Мы встали. Молодой барон пошел навстречу нам, сняв шляпу. У него была красивая голова с бледным, гордым лицом, окаймленным длинными черными волосами. Он остановился перед Спервером.
— Сударь, — сказал он с чисто саксонским акцентом, неподражаемом ни на каком другом диалекте, — я обращаюсь к вашему знанию этой местности.

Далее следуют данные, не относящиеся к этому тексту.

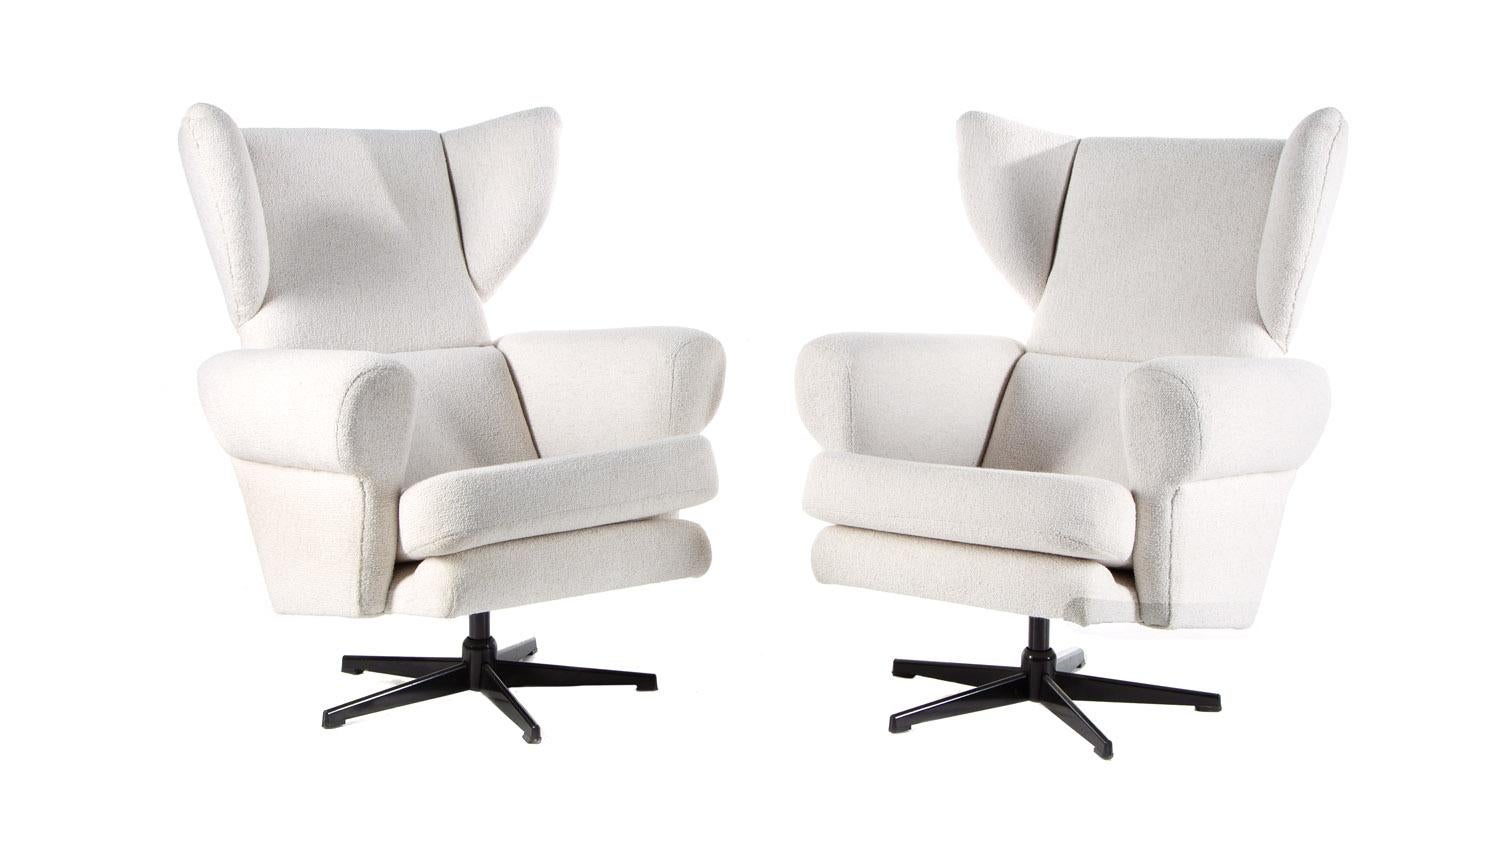 Fabric A set of 2 armchairs For Sale

Госпожа графиня Нидек уверила меня, что никто лучше вас не может дать мне сведений об этой горе.
— Я думаю, сударь, — ответил с поклоном Спервер. — Я к вашим услугам.
— Важные обстоятельства заставляют меня отправиться, несмотря на бурю, — ответил барон, указывая на занесенные снегом окна. — Мне хотелось бы добраться до Вальдгорна, который находится в шести милях отсюда.
— Это будет трудно, милостивый государь, все дороги занесены снегом.
— Я знаю… но так нужно.
— Вам необходим проводник: если желаете, пойду я или Себальт Крафт, здешний главный ловчий; он отлично знает гору.
— Благодарю вас за предложение, сударь, но я не могу принять его. Мне достаточно будет указаний.
Спервер поклонился, подошел к одному из окон и распахнул его. Сильный порыв ветра донес снег до коридора и захлопнул дверь.
Я оставался на своем месте у кресла, положив руку на его спинку; маленький Каспер спрятался в угол. Барон и его берейтор приблизились к окну.
— Господа, — воскликнул Спервер. Он говорил громко, чтобы заглушить завывания ветра, — вот карта здешней местности. — Он протянул руку. — Если бы погода была ясная, я пригласил бы вас подняться на сигнальную башню; мы увидели бы бесконечную даль Шварцвальда… но к чему это? Отсюда вам видно острие Альтенбурга, а дальше, за той белой вершиной, Вальдгорн, где беснуется ураган. Ну, так надо идти прямо к Вальдгорну. Там — если позволит снег — с вершины скалы в виде митры, которую называют «Расколотой скалой», вы увидите три гребня: Беренкопф, Гейерштейн и Трифельс. Вам нужно идти правее, к этому последнему. Долину Рее пересекает поток, но теперь он, должно быть, покрыт льдом. Во всяком случае, если вам невозможно будет идти дальше, подымаясь налево по берегу, вы найдете на половине дороги пещеру, так называемую «Полую скалу». Вы проведете там ночь и завтра, когда, по всем вероятиям, ветер спадет, вы будете иметь перед глазами Вальдгорн.
— Благодарю вас, сударь.
— Если бы вам удалось встретить угольщика, он мог бы указать вам брод через поток, — сказал Спервер, — но я сильно сомневаюсь, чтобы нашелся кто-нибудь в горах в такую погоду. Отсюда трудно объяснить. Старайтесь только обойти подножие Беренкопфа; спускаться с другой стороны невозможно: там отвесные скалы.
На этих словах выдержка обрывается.